Isto não é de todo isolar responsabilidades em Nuno Espírito Santo, que não será nunca, de todo, o responsável por qualquer insucesso esta época. Não pode dar mais do que as condições que tem ou do que o próprio já mostrou na sua carreira. Se conseguir ir aos 1/8 da Champions e estar na luta pelo título nacional até ao fim, já será um superar de expetativas face às condições que estavam previamente reunidas. A época é longa, tanto FC Porto como Benfica ou Sporting vão ter momentos melhores ou piores, mas desde o início da pré-época ainda não vimos um produto que deixe sonhar com grandes feitos. Pode haver evolução? Com certeza que sim, e vai haver. Porque menos do que isto é difícil dar. Por aqui, continuar-se-á a destacar as coisas que precisam de ser melhoras, seja após uma derrota, seja após um empate, seja após 10 vitórias consecutivas. Nuno vai ser, tem que ser, o treinador até ao final da época, logo temos que nos focar naquilo que pode e deve ser melhorado.

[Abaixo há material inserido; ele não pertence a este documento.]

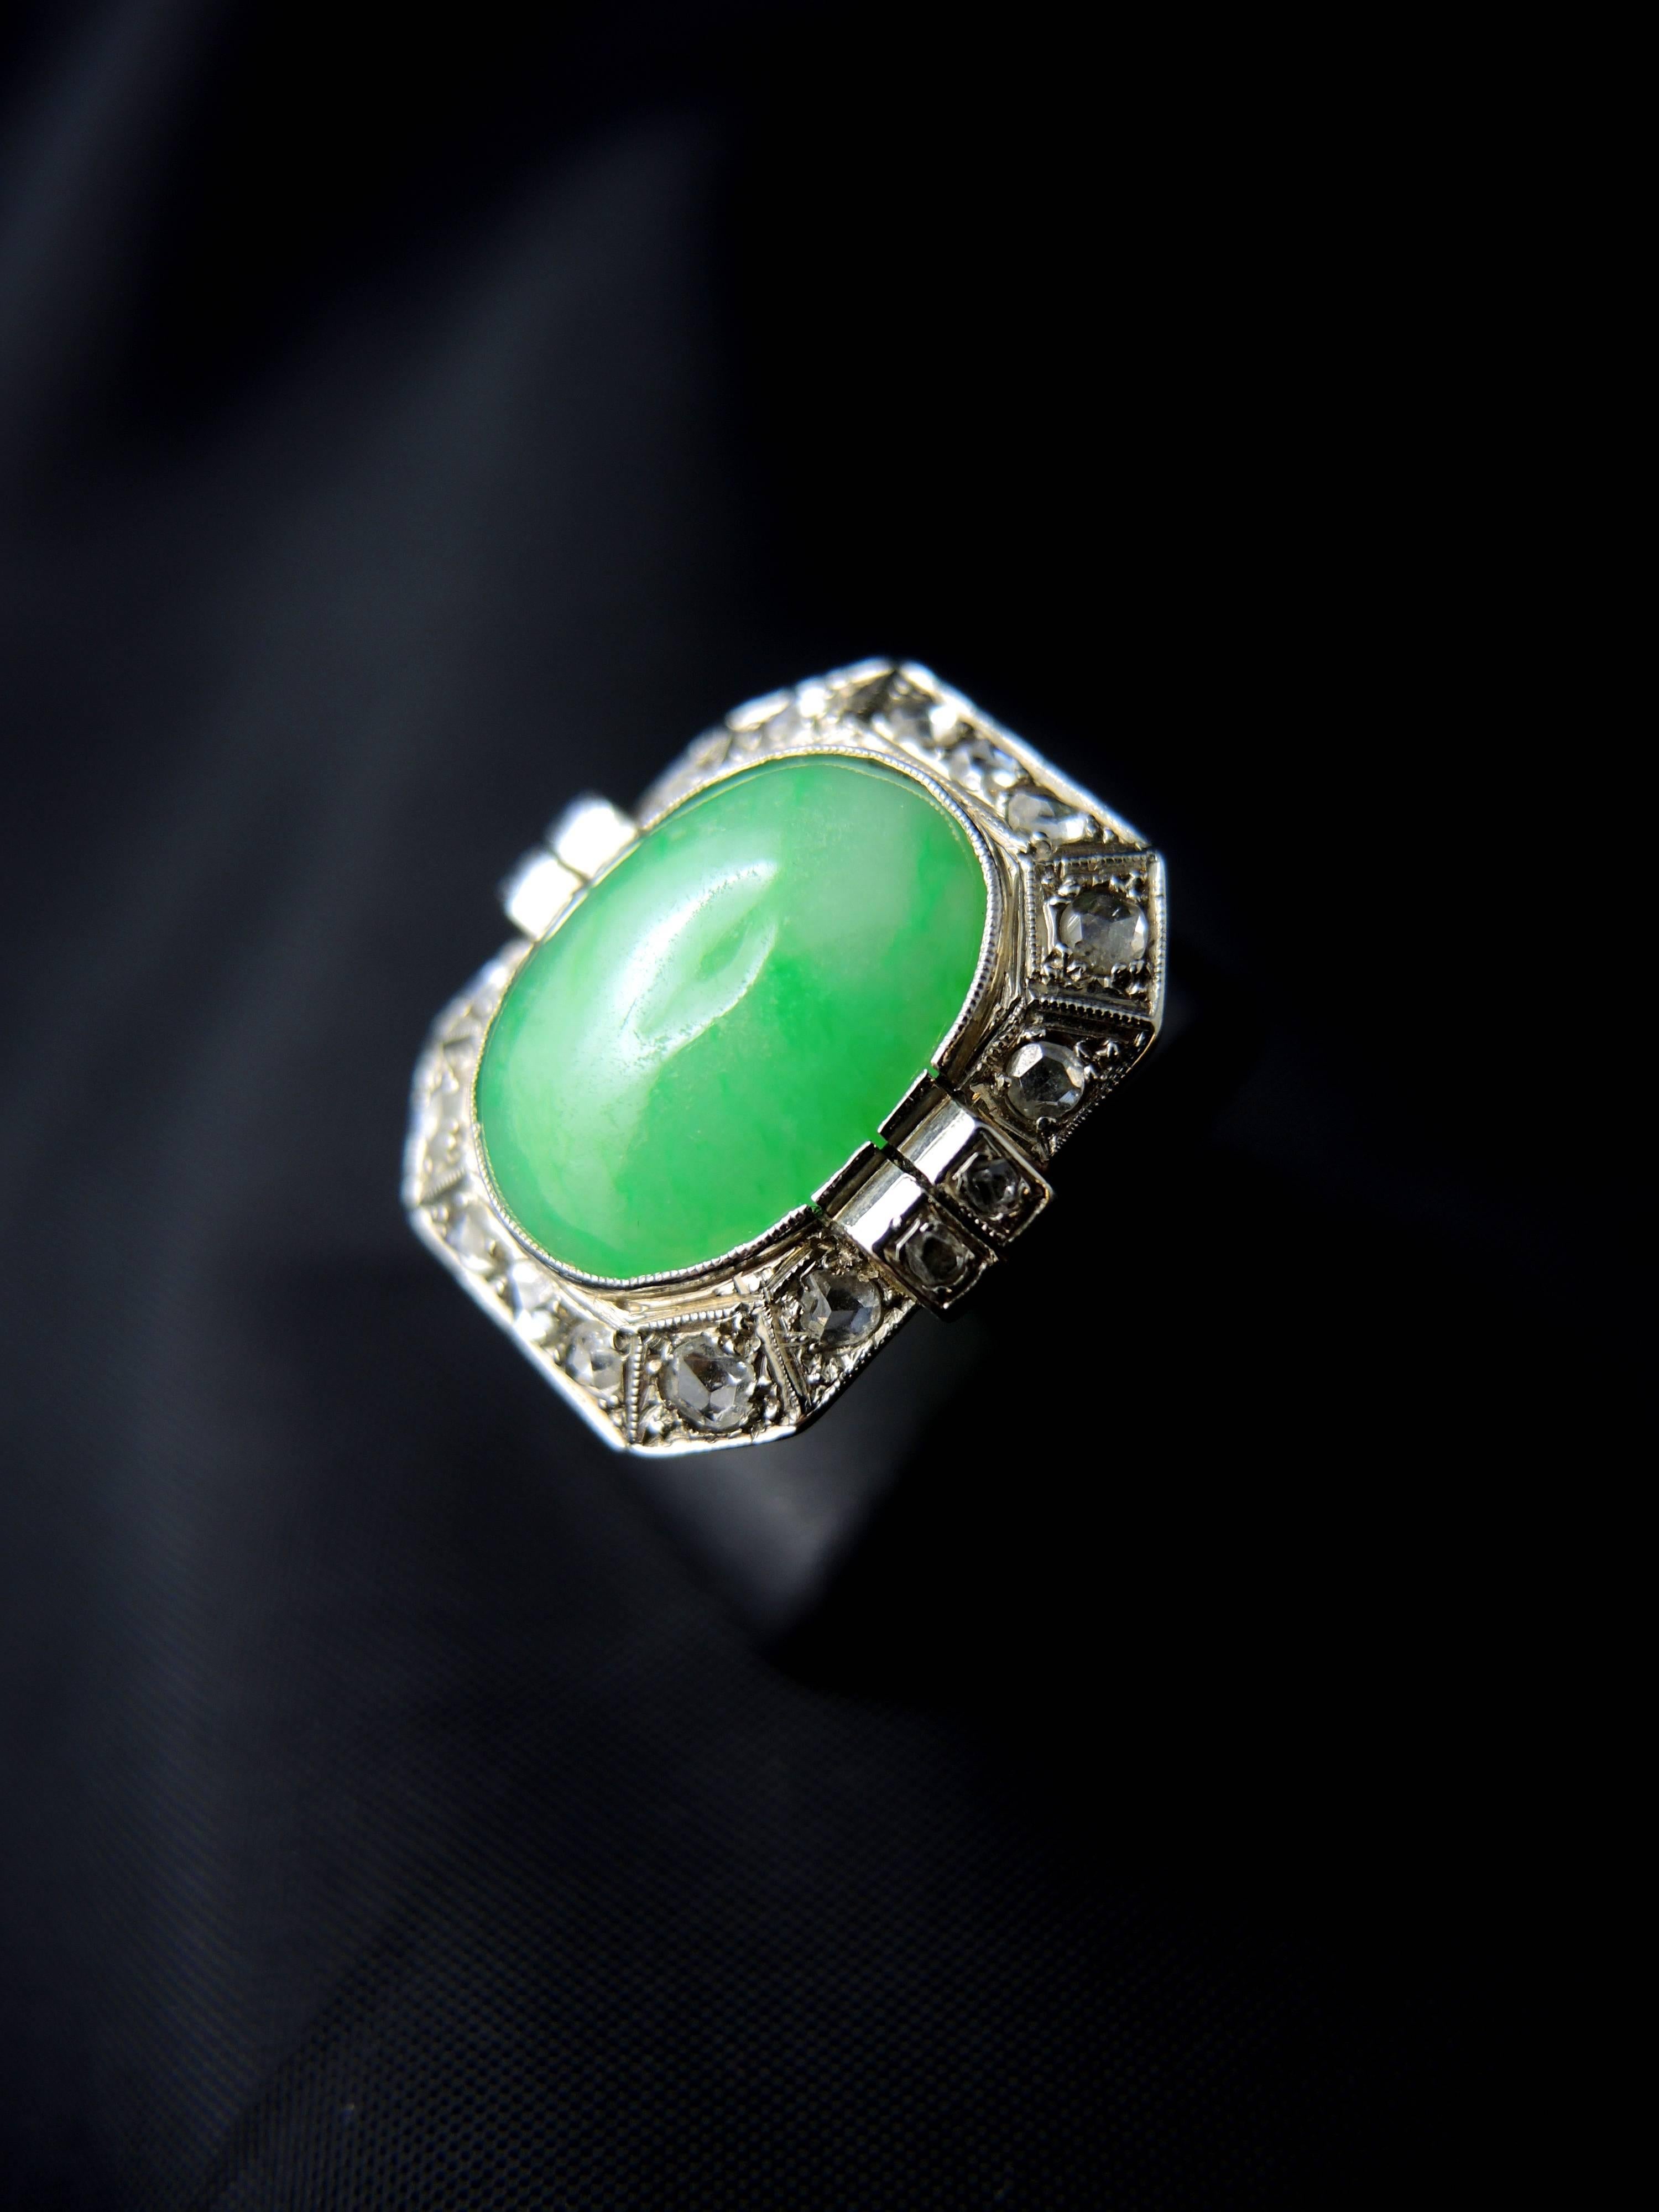 Women's Art Deco French Diamonds and Imperial Jade Ring, circa 1930

Não se pode exigir o título a um treinador inexperiente e que se estreia neste patamar, a um plantel que é jovem, que não teve nenhum jogador particularmente valorizado na última época (na perspetiva de uma mais-valia), que tem caras novas e jogadores que precisam de tempo para evoluir e render. Mas há uma coisa que nunca poderemos deixar de exigir: que deixem claro que deram tudo, tudo que estava ao alcance para ganhar o jogo. Ser Porto não é ganhar sempre, mas tem que ser lutar sempre para ganhar. O FC Porto ontem não o fez.
Uma nota positiva para o grande golo de Otávio, assistido por André Silva. A espaços foram-se vindo algumas coisas positivas de Layún, Danilo ou Óliver, mas é difícil destacar grandes coisas do jogo de ontem. Foi mau.
Na próxima jornada o FC Porto vai a Leicester, Inglaterra, onde nunca ganhou. Em 17 jogos perdeu 15, e os dois que empatou foram com golos em cima do minuto 90 (Mariano e Costinha). Na casa do campeão inglês, um ponto já seria excelente e bem vindo. Uma coisa é a ambição de ganhar, outra é o realismo dos objetivos que podem ser alcançados. Sobretudo quando uma equipa, após o 1×0, se fecha atrás e passa a jogar como equipa pequena. É uma coisa que estávamos habituados a ver no Estádio do Dragão, mas não na equipa da casa. Agora segue-se o Tondela. Se não for pedir muito, que o FC Porto não jogue em Tondela como o Tondela jogaria no Dragão. Os três pontos virão por acréscimo. O FC Porto ontem foi, como disse Nuno, uma equipa que não quer ser. E que nunca poderá ser.